[ Paper reading notes ] A Multilayered Informative Random Walk for Attributed Social Network Embedding
The structure of this paper
- solve the problem
- Main contributions
- Algorithm principle
- reference
(1) solve the problem
Most of the existing unsupervised attribute network representation algorithms don't distinguish the information content of node edge structure and attribute . namely , Sometimes two nodes have no edges in topology , But it's very similar in properties ( The inconsistency of node topology and attributes ).
(2) Main contributions
Contribution 1: Put forward MIRand( Random walk of multi-layer information ) Method , This method first constructs a multilevel graph , Secondly, we use a novel random walk ( Based on the amount of information , The node structure and properties are considered ) Jump to capture features in a multi-level graph . This is the first attribute network representation learning algorithm using multi-layer graph random walk .( One layer corresponds to the structure , Another layer deals with the attributes associated with nodes ). Other non attribute network representation algorithms based on random walk can also be extended to attribute network representation .
(3) Algorithm principle
It is proposed in the paper that MIRand The algorithm includes the following three parts :
- Network layering ( Structure layer and attribute layer ).
- Random walk of multi-layer graph based on node information .
- adopt Skip-Gram Model to learn the vector representation of nodes .
The following is from MIRand Each part of the algorithm is described separately :
-
First step , Network layering ( Structure layer and attribute layer ): The structural layer is very simple , The topology of the original network ( Edge graph ) It's the structure of the network . The edge in the attribute graph can be constructed by calculating the attribute similarity of the nodes, so as to construct the attribute graph , However, it is very expensive to calculate the attribute similarity of all nodes in the network , So only each node is calculated θ x Average degree The node with the largest cosine similarity is connected to the edge , Thus the attribute graph is constructed .
-
The second step , Random walk of multi-layer graph based on node information : The random walk will jump and walk on the attribute map and structure diagram . When random walk reaches the node vi When , Our goal is to choose to jump to structure or attribute graph based on the amount of information in the corresponding layer . So how to calculate the information of nodes in the structure layer or attribute layer ? The author thinks that in random walk, we should try our best to transfer to those nodes which only have strong link relationship with a few neighbors , Because these nodes with strong link relationship have higher confidence in similarity . In this paper, we assume that the edge whose edge weight is greater than the average edge weight in the network is a strong link edge . The nodes with strong link edges in the network are strong link neighbors of each other .( Strong linked neighbors are defined in both structure and attribute graphs ) We define nodes separately vi The amount of information in the structure diagram and in the attribute diagram is shown in the following formula . The more strongly linked neighbors , The less information it has ( The node with low degree of information is high , The probability of similarity between these nodes and their neighbors is also greater than that of high nodes ).
According to the amount of information of the current node, we can define the transition probability between layers , That is, according to probability, the next node will jump in the structure diagram or in the attribute graph . What about the transition probability of nodes in the inner layer , As shown in the following formula :
The above intra layer transfer probability can be divided into two cases .
(1) If node i And nodes j stay l2 If there is no edge in the layer , Then the next hop selects nodes according to probability j The most powerful neighbor .(2) If node i and j Have edge , Then press node2vec The way to swim .

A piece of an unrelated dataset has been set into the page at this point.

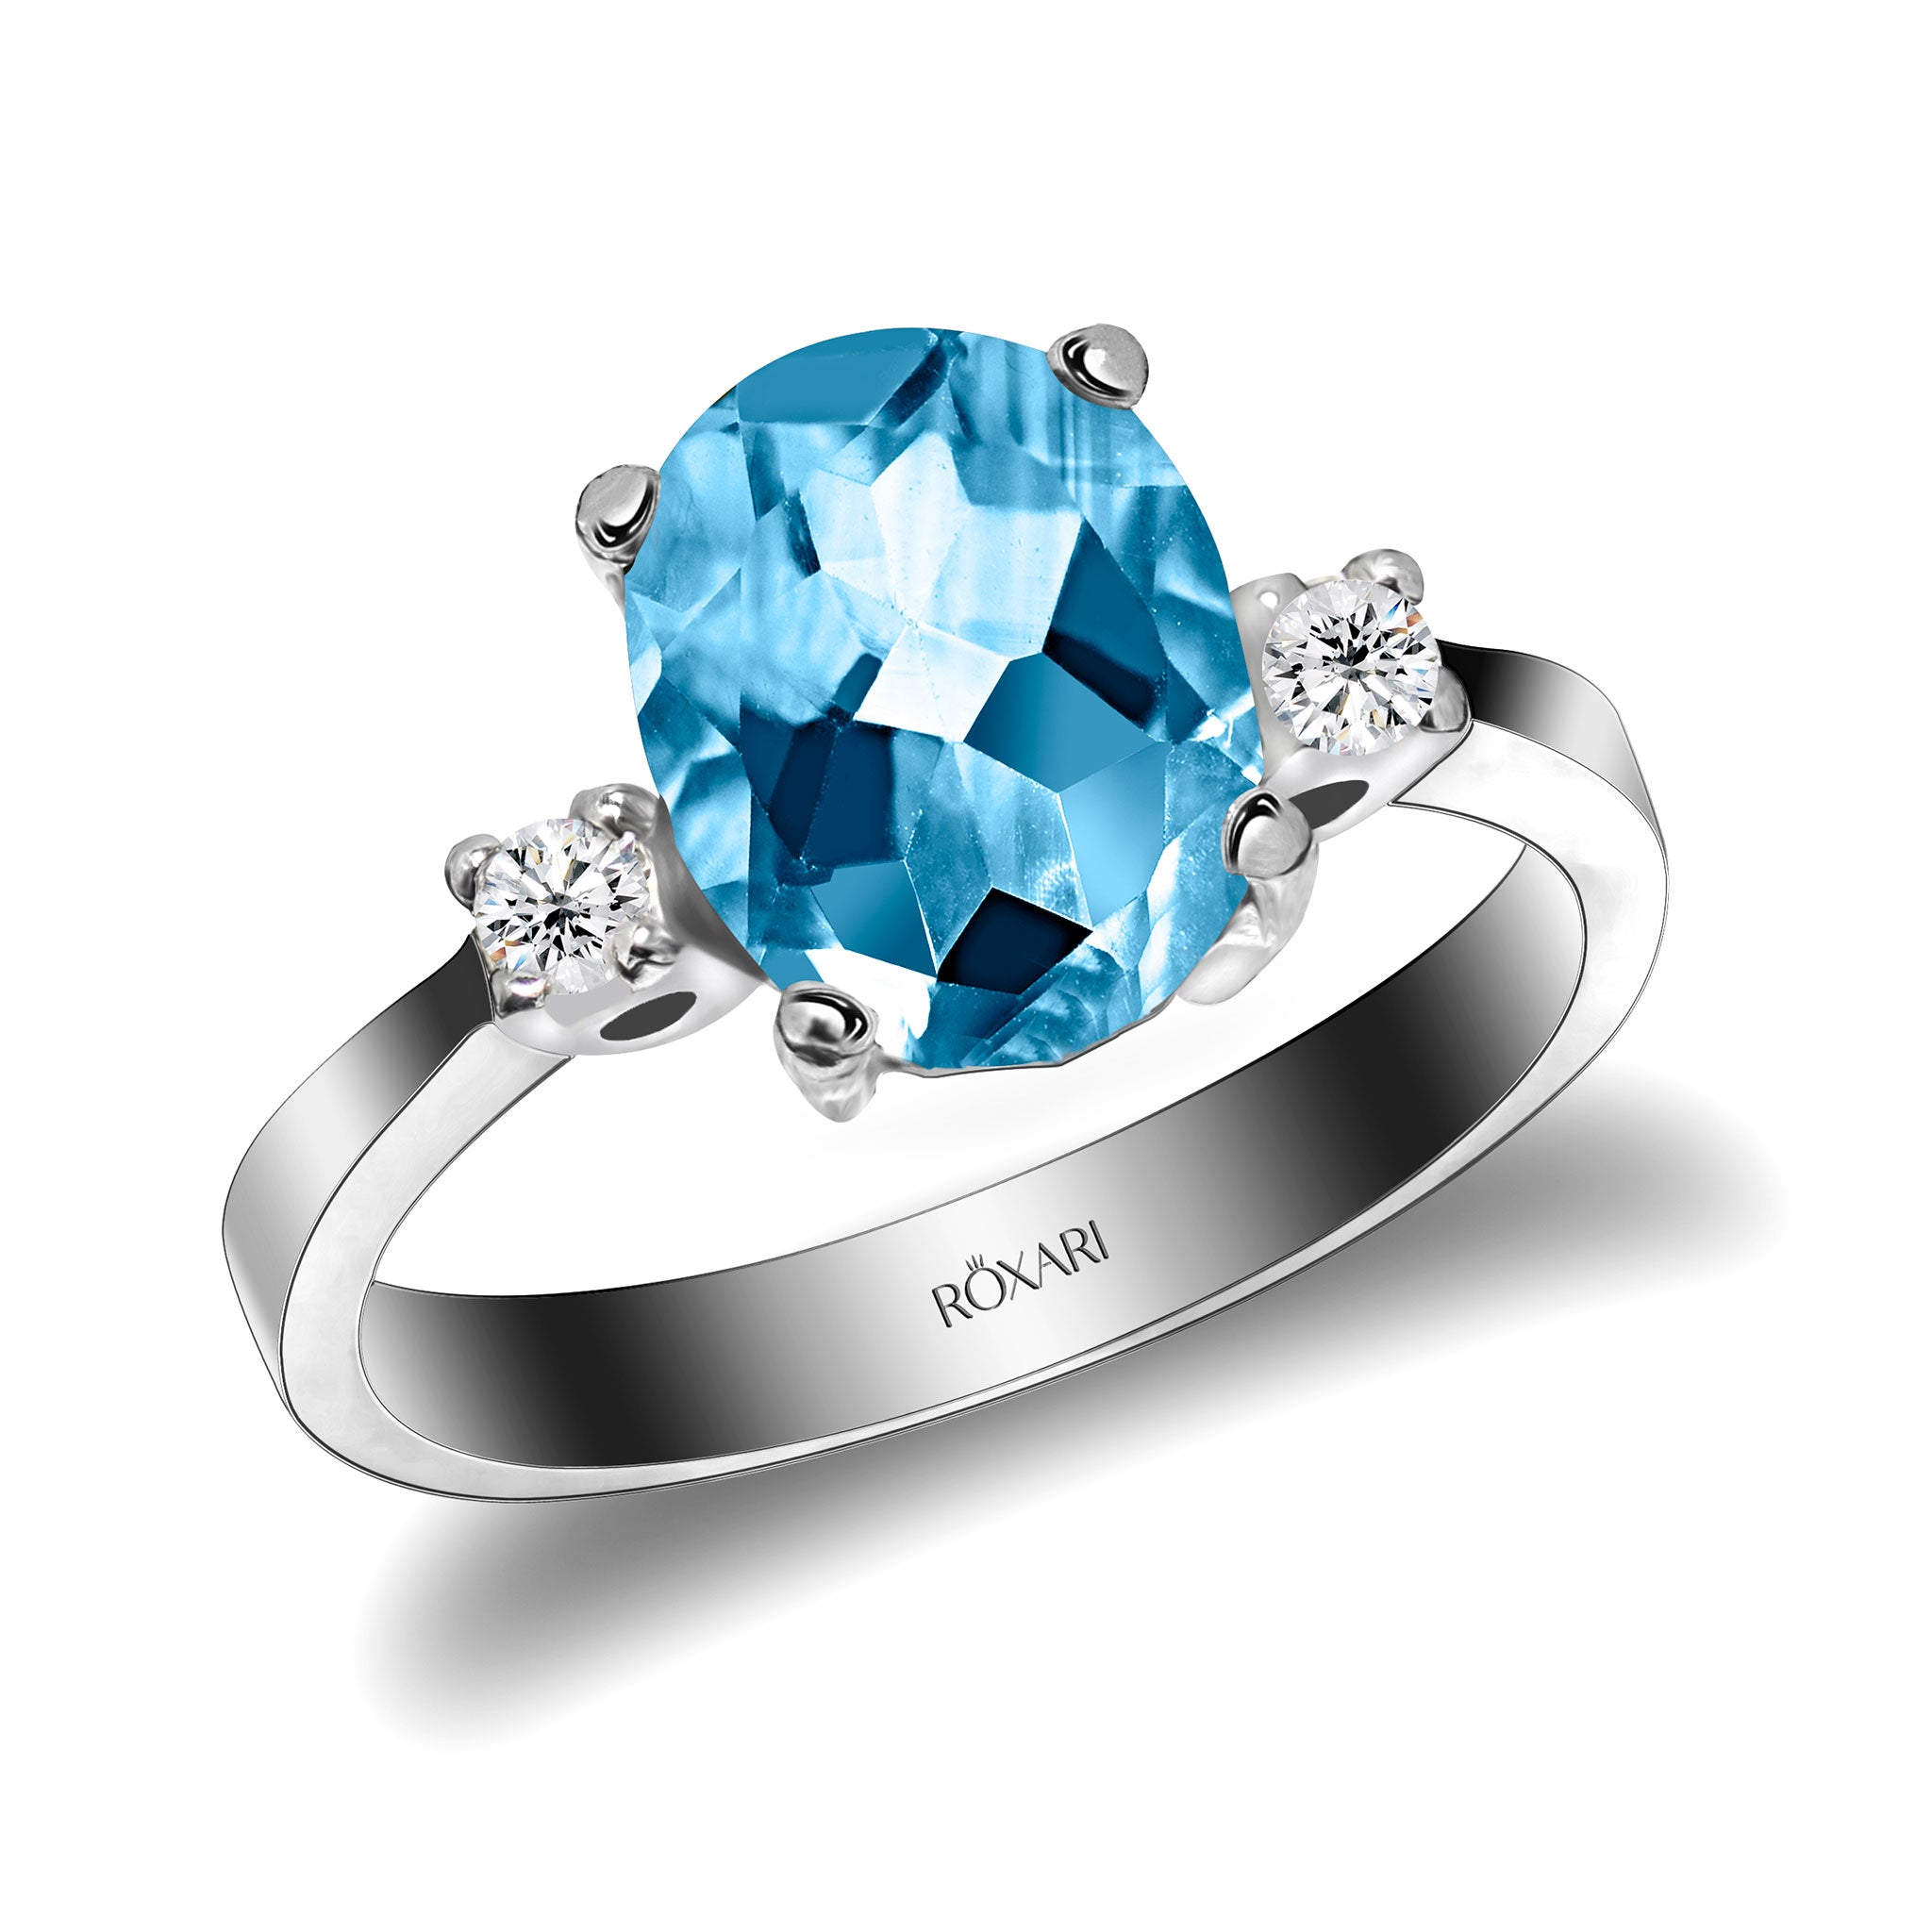 Guide for buying blue topaz rings | is topaz expensive?

The inter layer transfer probability and the intra layer transfer probability are described above , Now the random walk based on the amount of information should have been understood !!!
(MIRand It can be extended to networks with multiple types of properties , Design more layers , Then use the amount of information to jump between layers .) -
The third step , Follow step three Skip-Gram Learning nodes represent vectors ( I won't repeat ).
(4) reference
Bandyopadhyay S, Biswas A, Kara H, et al. A Multilayered Informative Random Walk for Attributed Social Network Embedding[J].